Benoit PEYRUCQ
O julgamento na França de Joël Le Scouarnec, acusado de estuprar ou agredir sexualmente quase 300 pacientes, apresenta algumas semelhanças com outro processo “fora do comum” que chocou o mundo: o caso dos estupros em série de Gisèle Pelicot.
– 4 meses –
O julgamento contra Le Scouarnec começará em Vannes, oeste da França, em 24 de fevereiro e terminará em junho.
A duração é similar ao processo de Dominique Pelicot e outros 50 acusados por violentar Gisèle Pelicot, que ocorreu de 2 de setembro a 20 de dezembro de 2024. A justiça considerou ambos “fora do comum”.
– Submissão química –
Nos dois casos, a questão da submissão química e das agressões quando a vítima ou as vítimas estavam “inconscientes” estará no centro das discussões.
No caso de Joël Le Scouarnec, “trata-se de um homem que é um pervertido e um cirurgião pediátrico”, por isso as vítimas estavam “sedadas pela anestesia”, afirma Cécile de Oliveira, advogada das vítimas.
“Se compararmos os casos, evidentemente o que têm em comum é a ausência de consentimento provocada pela sedação total das vítimas”, explica a advogada.
– Casos “únicos” –
Segundo Francesca Satta, outra advogadas das vítimas do cirurgião, os casos são “totalmente únicos”.
“De um lado, temos uma pessoa adulta que foi drogada (…) por seu marido. D outro, estamos em um ambiente hospitalar, com crianças que sofreram abusos quando acordaram ou depois”, acrescenta.
– Vídeos e cadernos –
Outro ponto em comum é que os principais acusados deixaram rastros dos crimes: Pelicot registrou em vídeo as agressões, enquanto Le Scouarnec as anotou em cadernos, evidências cruciais das investigações.
No caso do cirurgião, “temos textos que são obra do acusado. A partir deste ponto de vista, pode haver algumas semelhanças, embora continuem sendo casos diferentes”, aponta Thibaut Kurzawa, um dos advogados de defesa.
– Cobertura da imprensa –
Com 264 jornalistas credenciados, de 62 meios de comunicação, e quase 300 vítimas, o novo julgamento deve receber uma cobertura da imprensa semelhante ao do caso de Gisèle Pelicot, que virou um ícone feminista mundial.

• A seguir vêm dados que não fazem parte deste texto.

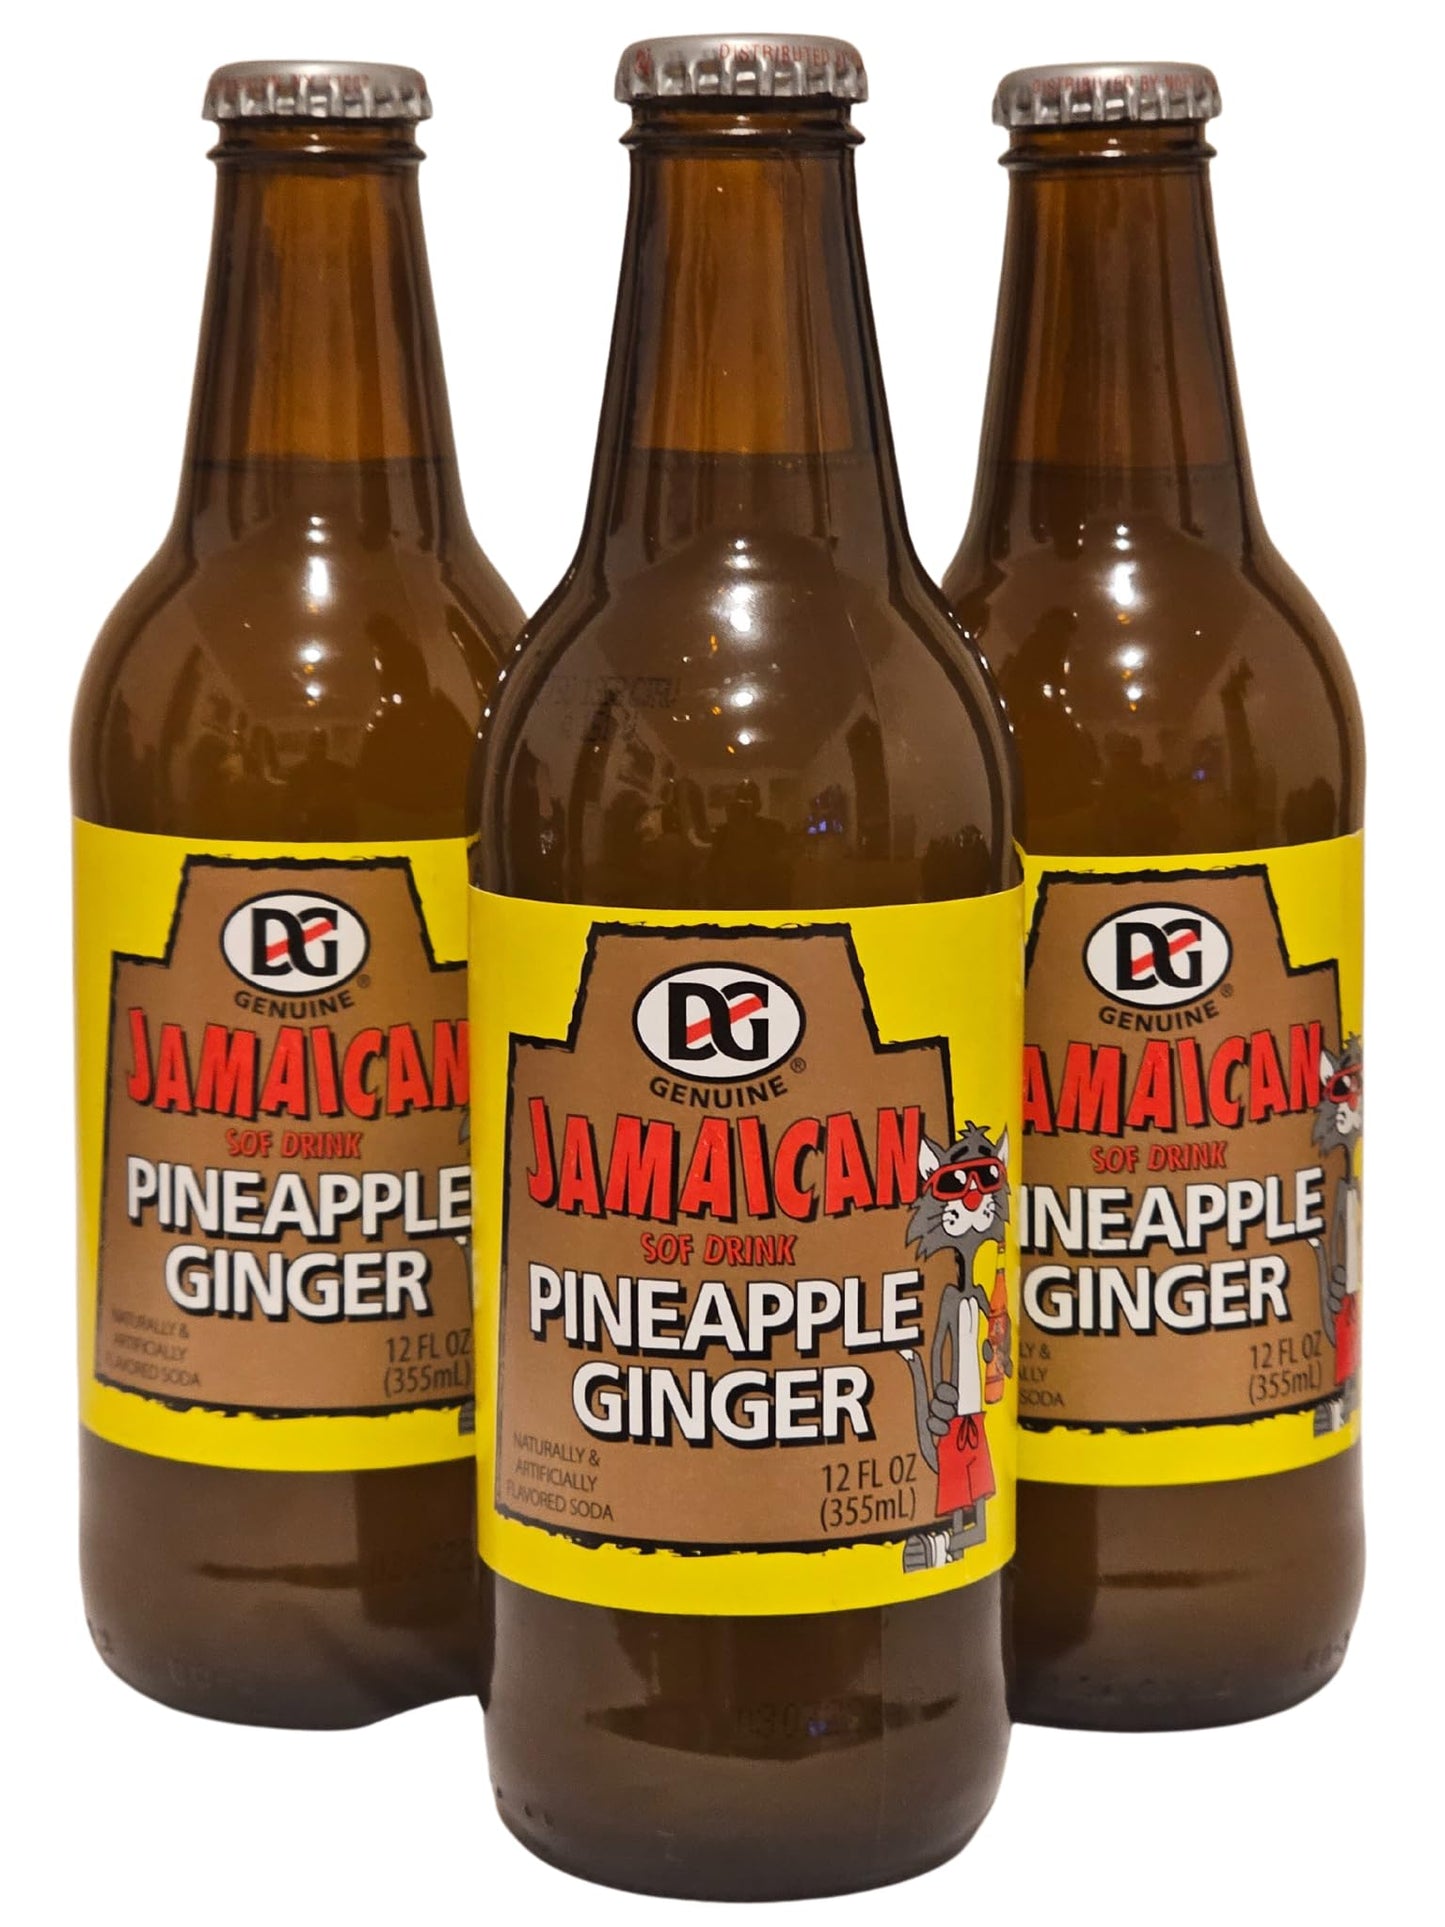 D&G Jamaican "Sof Drink" Genuine Glass Bottles 3pk (Pineapple Ginger, 12 fl oz)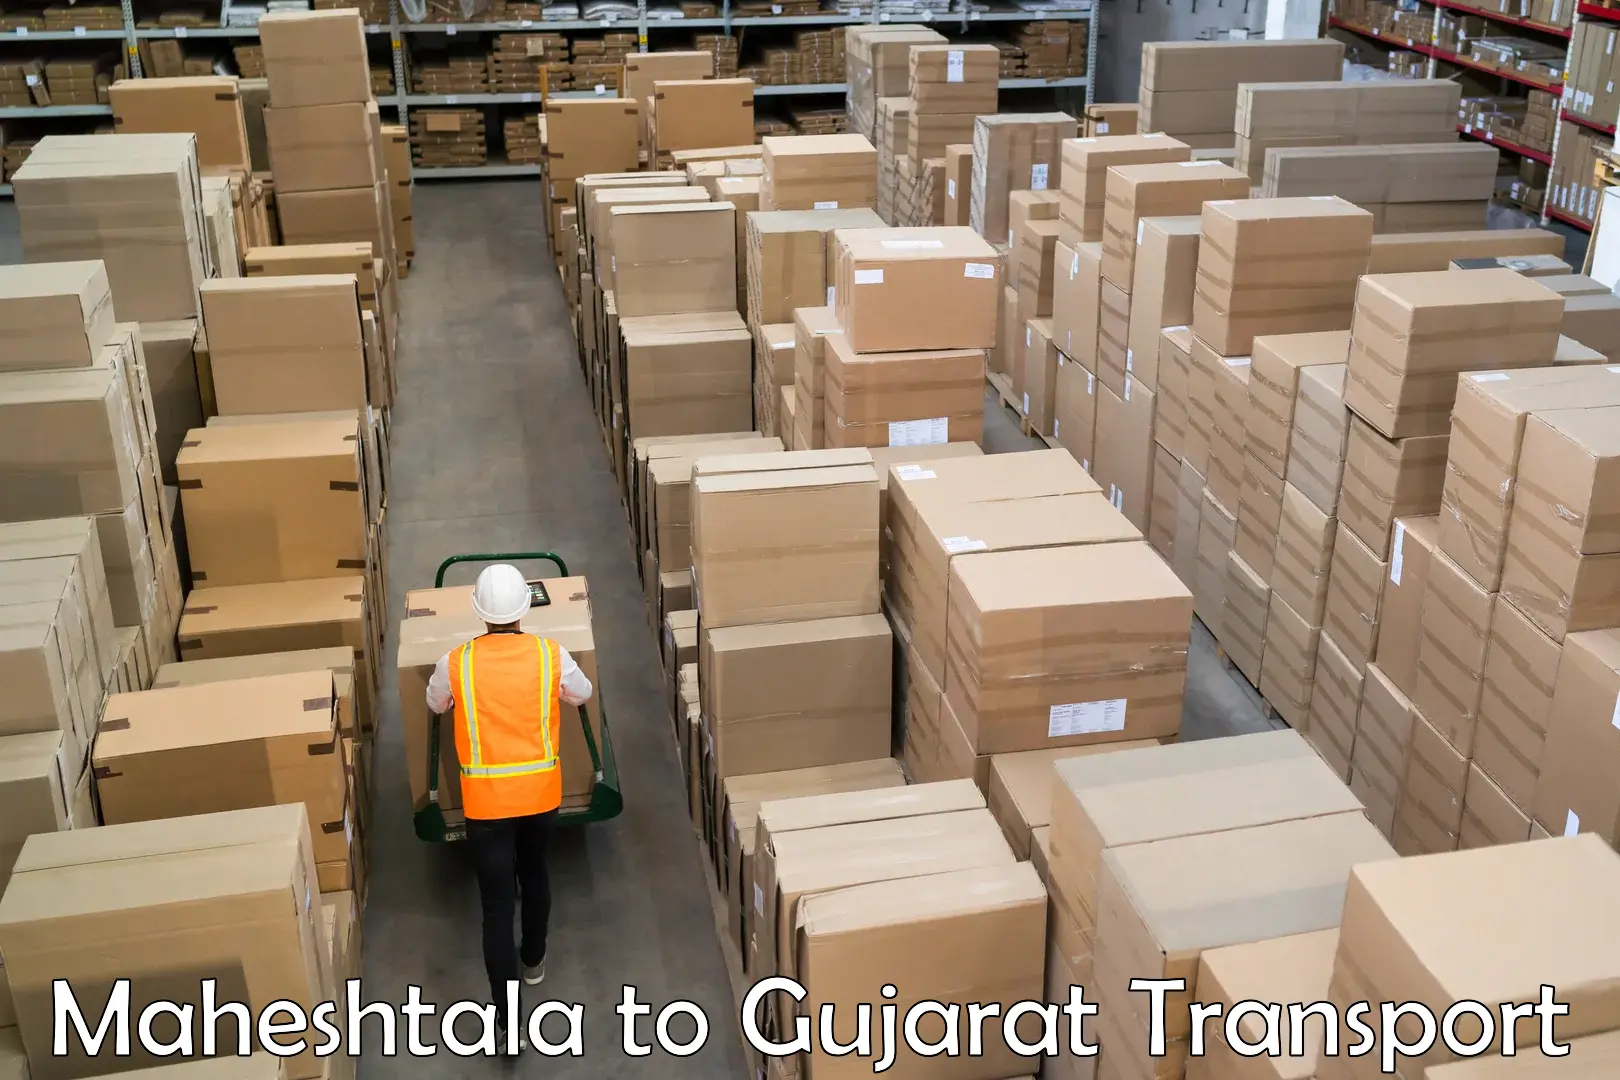 Delivery service Maheshtala to Ahmedabad

“Acredito que terá uma repercussão ainda maior, porque Le Scouarnec é o primeiro pedófilo internacional que provocou tantas vítimas”, segundo Francesca Satta.
Rodolphe Costantino, advogado da associação de proteção da infância ‘Enfance et Partage’, tem a impressão, no entanto, “de que não será um tsunami mediático”.
– Proporção “inversa” –
No caso Pelicot, “a atenção se concentrou na vítima, que além disso estava sozinha. Neste caso, a atenção pode ser concentrada no autor dos crimes se realmente provocar interesse, mas não tenho certeza”, explica Costantino.
Cécile de Oliveira resume a principal diferença entre os casos: no processo de Pelicot “há uma só vítima e quase 50 acusados. Aqui, a proporção é inversa: apenas um acusado e 300 vítimas”.